## Instructions to follow:
Write out again only the lines between the one with "Perceeloppervlakte P.C. Boutenspad 9 Delft" and the end of the records below, both ends counted, and don't include the pictures.
————
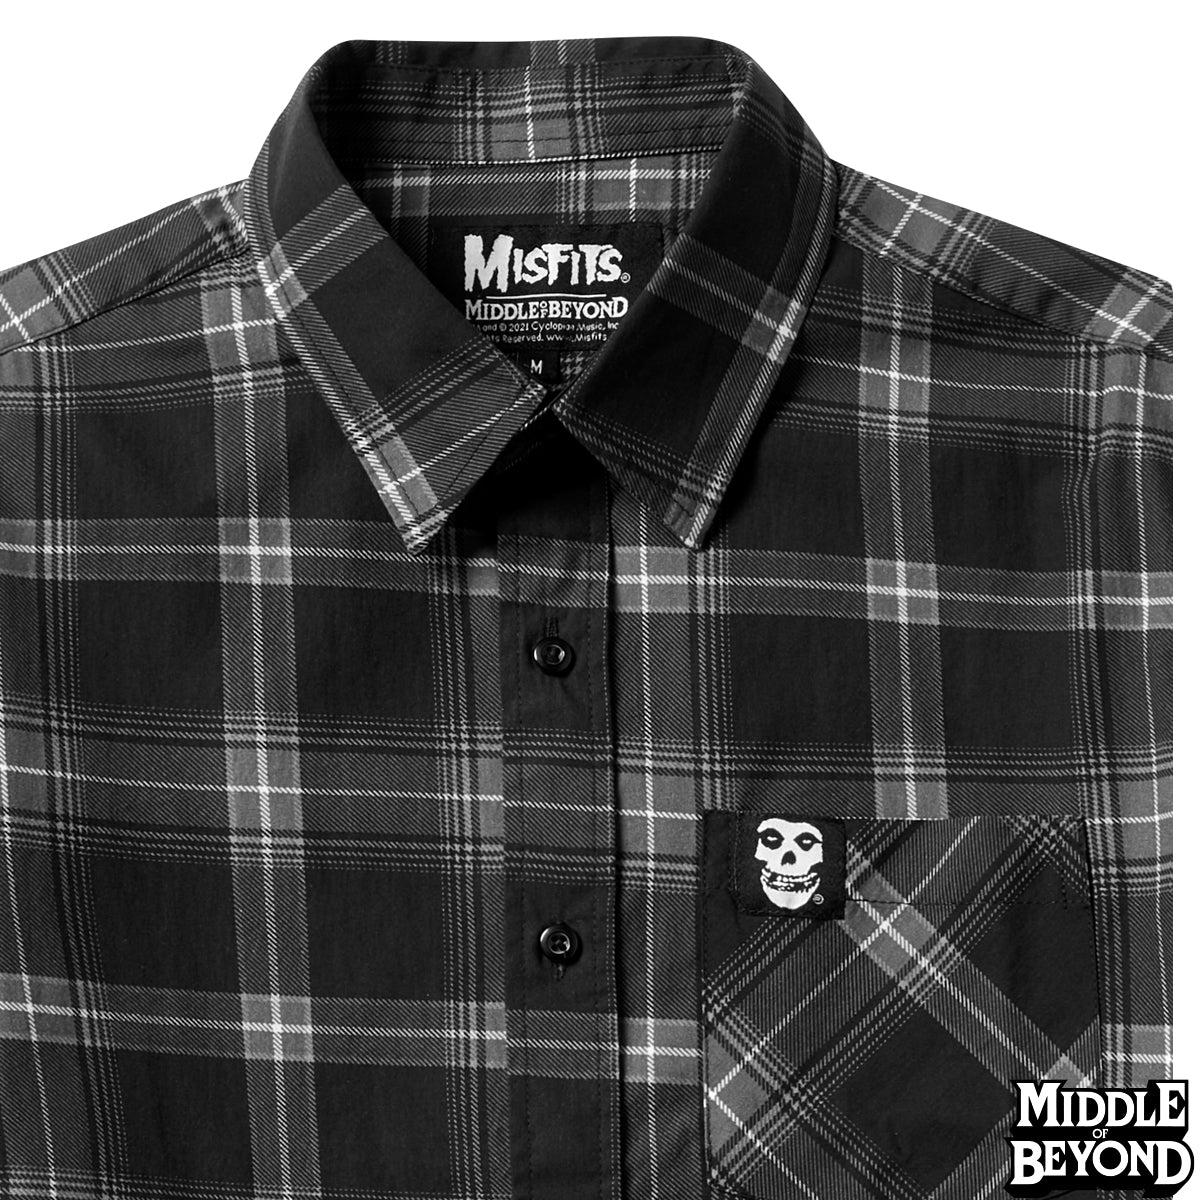 Halloween Short Sleeve Button-Up Shirt Version 1 – Middle of Beyond
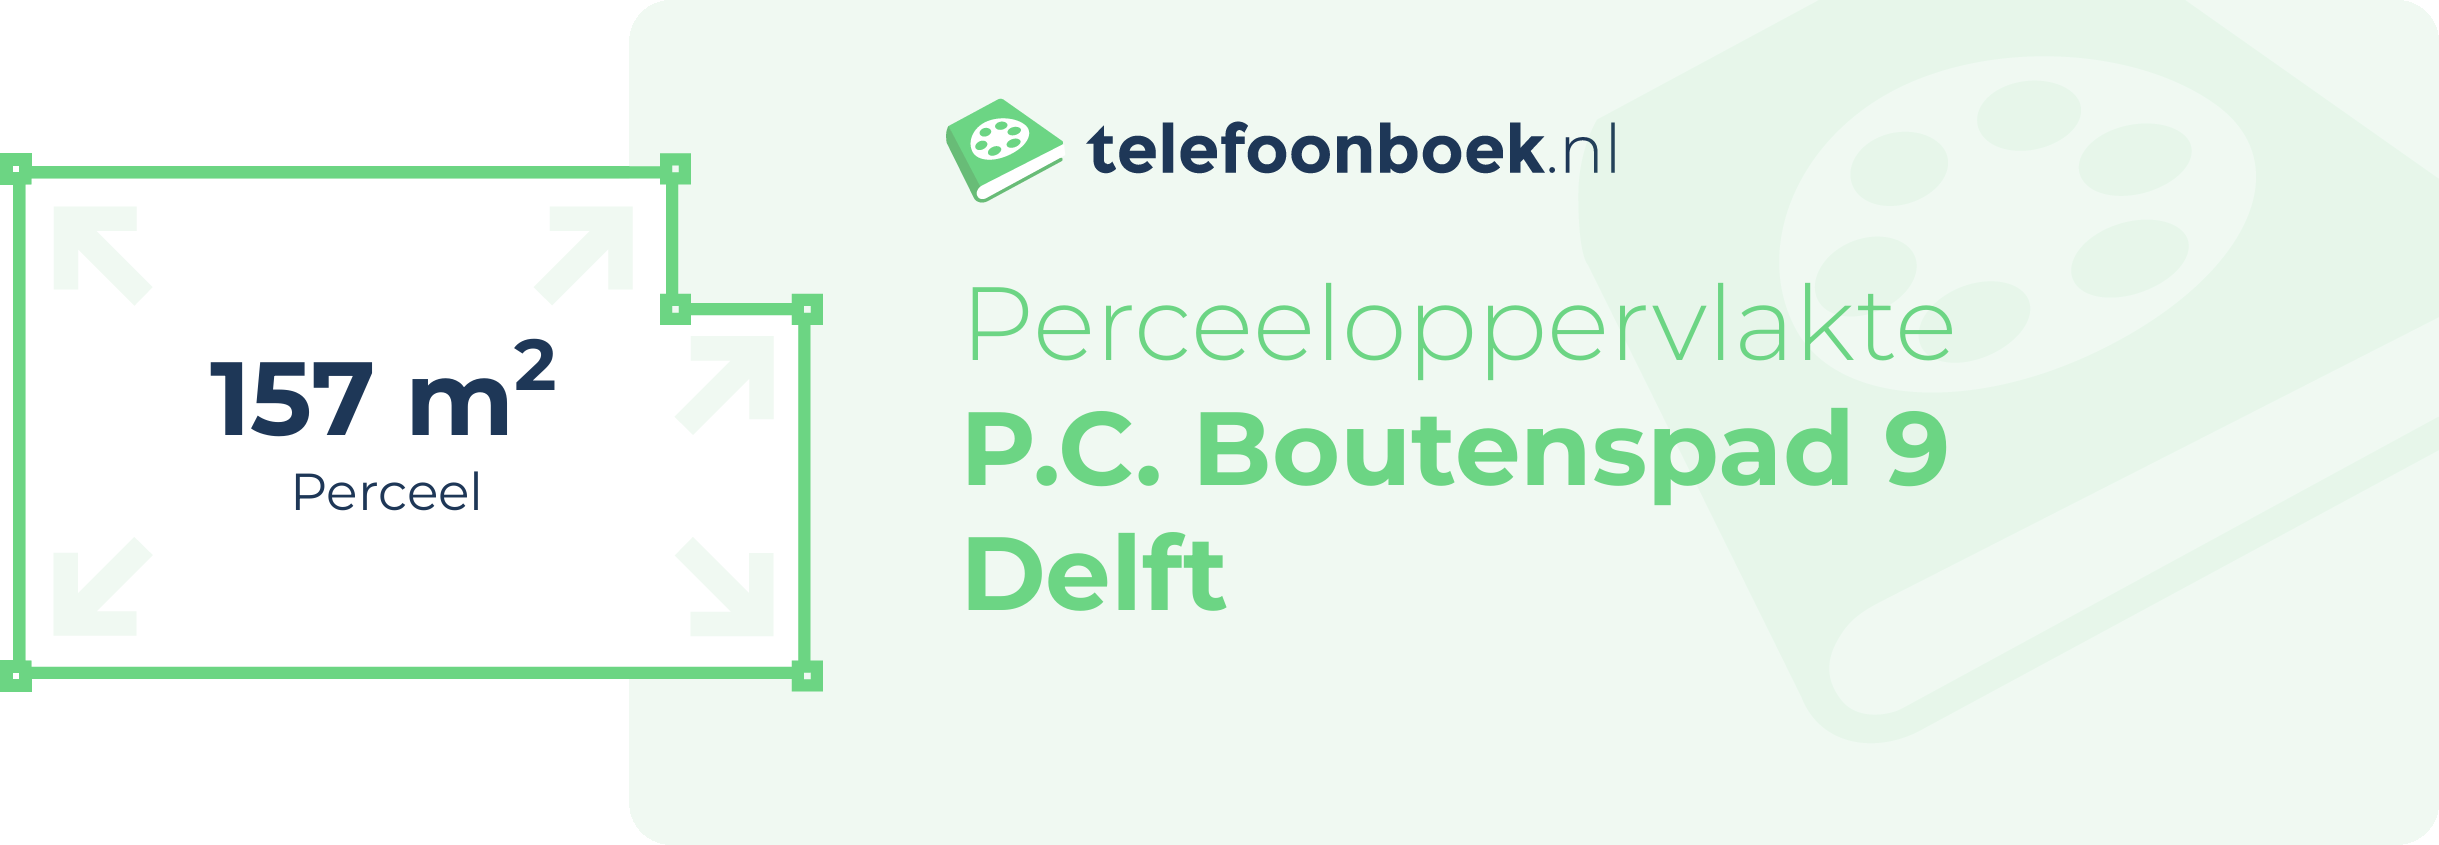 Perceeloppervlakte P.C. Boutenspad 9 Delft
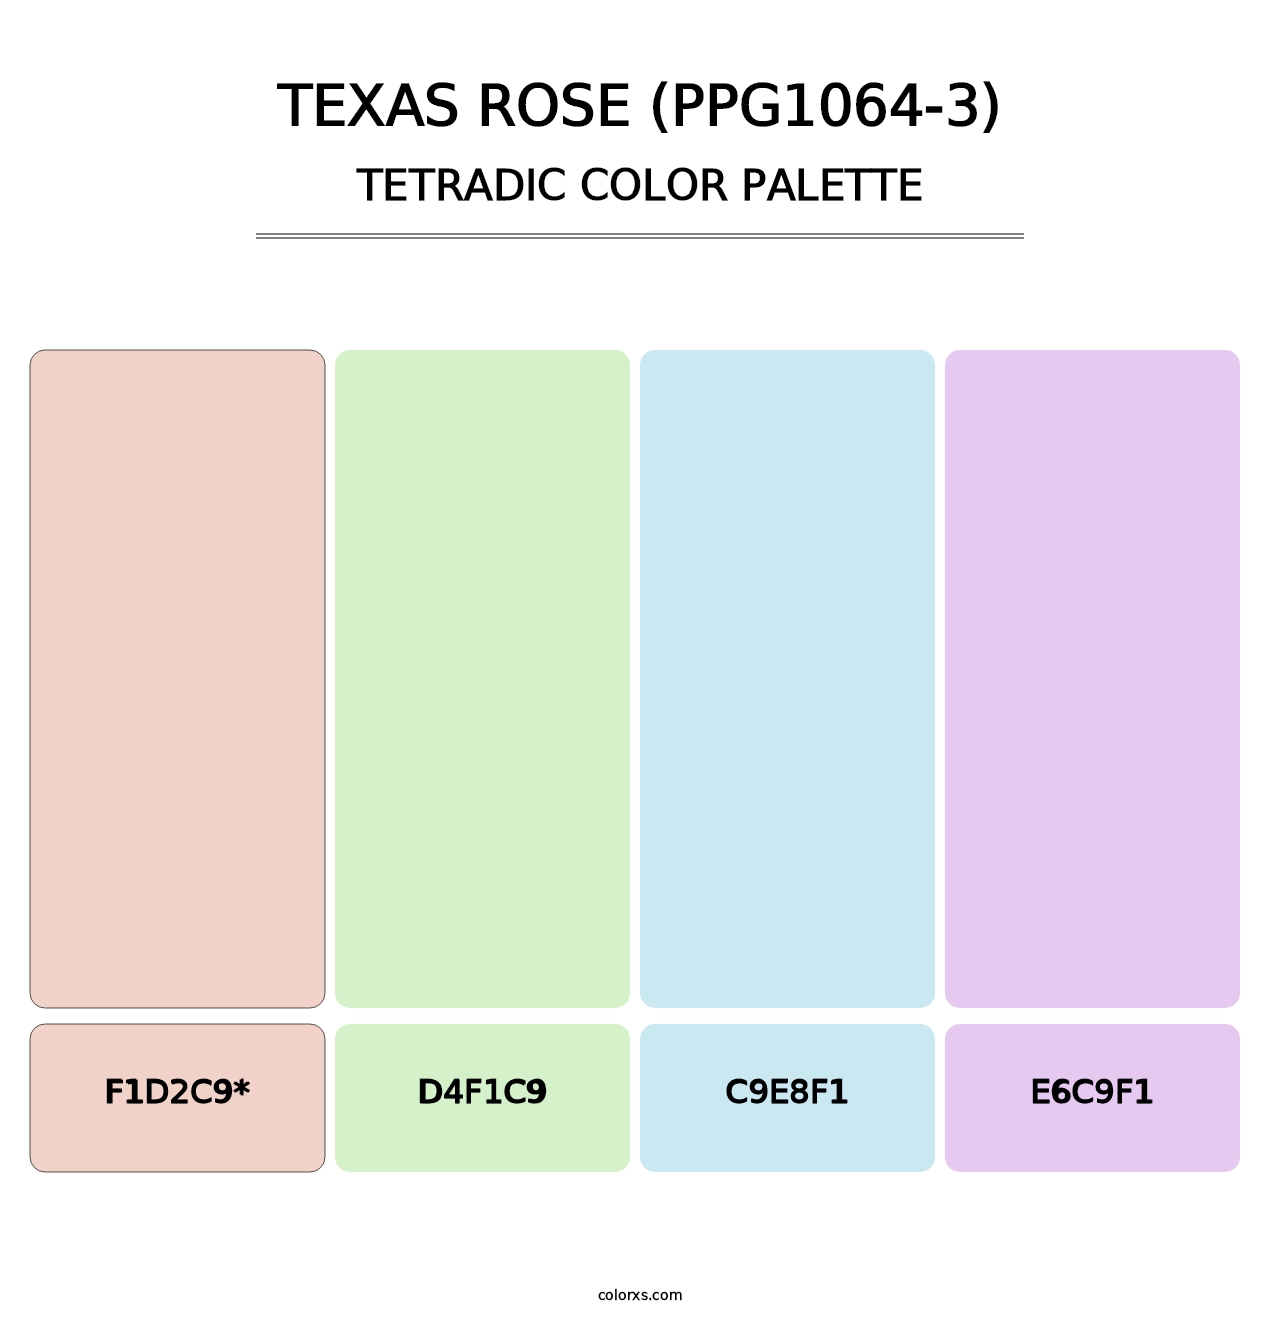 Texas Rose (PPG1064-3) - Tetradic Color Palette
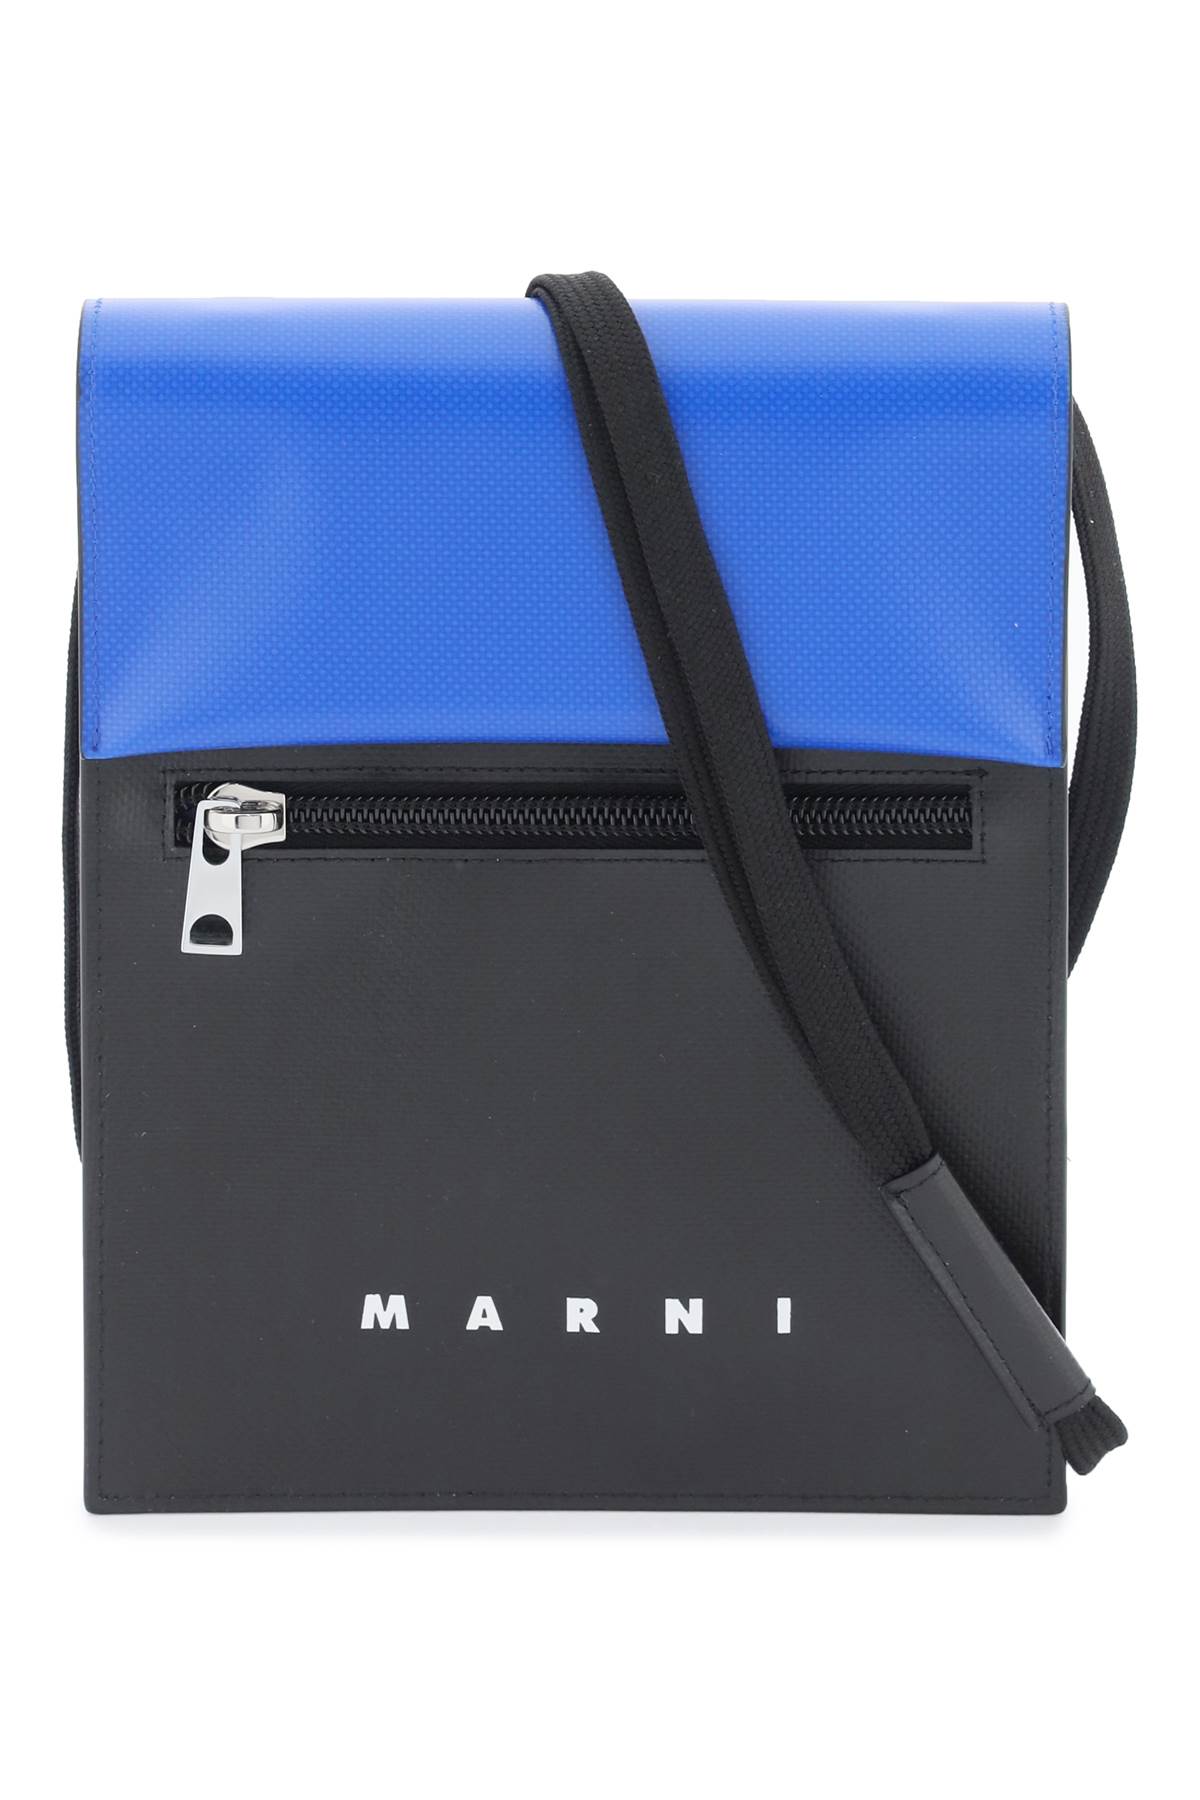 Marni Tribeca Crossbody Bag
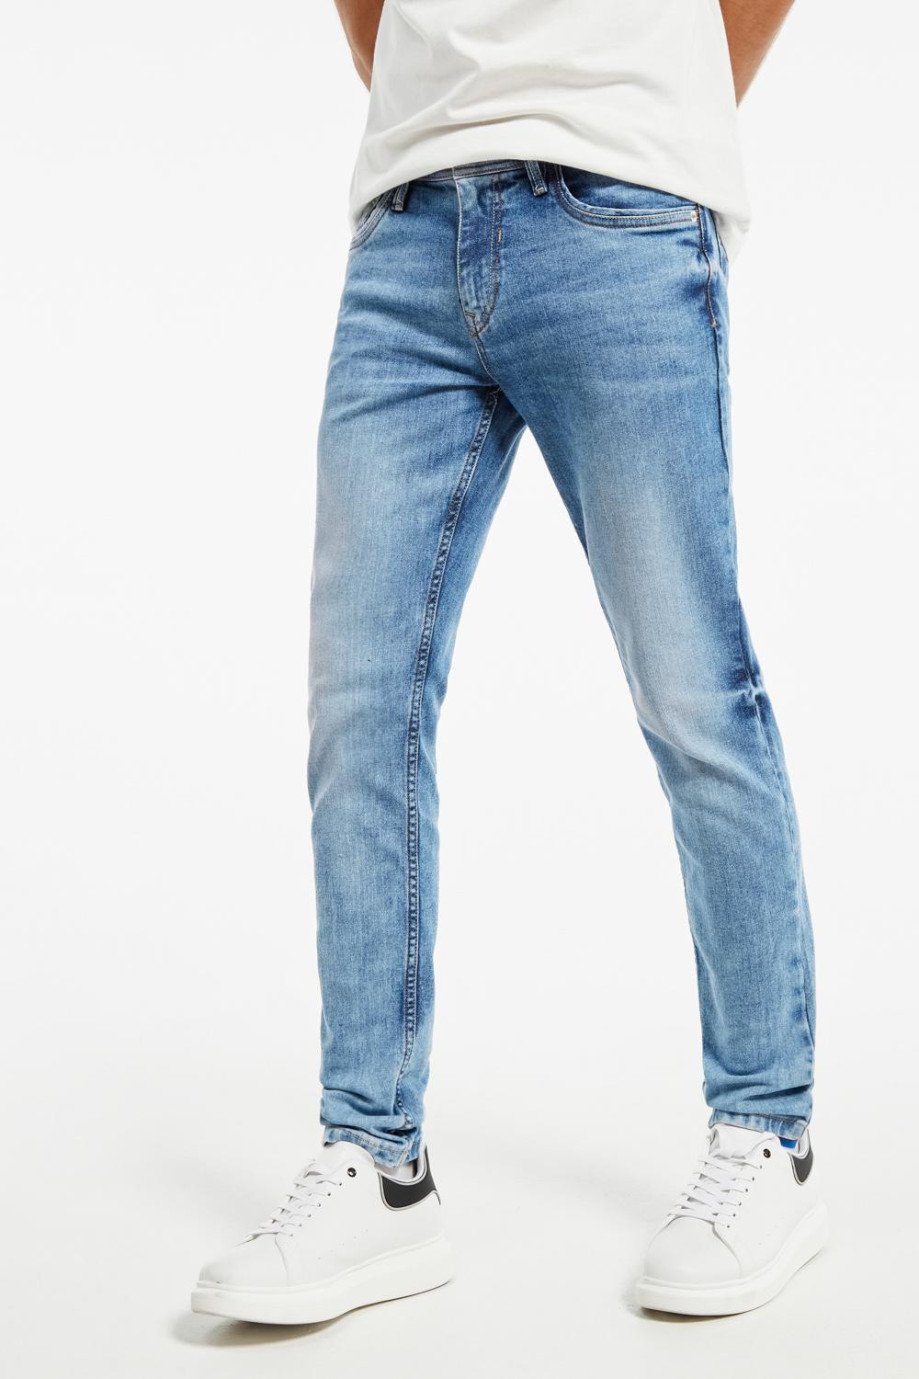 Jean skinny azul claro con ajuste ceñido, bolsillos y tiro bajo
————
## Answer to this task:
 Perceeloppervlakte P.C. Boutenspad 9 Delft
 Texas Rose (PPG1064-3) - Tetradic Color Palette
 Marni Tribeca Crossbody Bag
 Jean skinny azul claro con ajuste ceñido, bolsillos y tiro bajo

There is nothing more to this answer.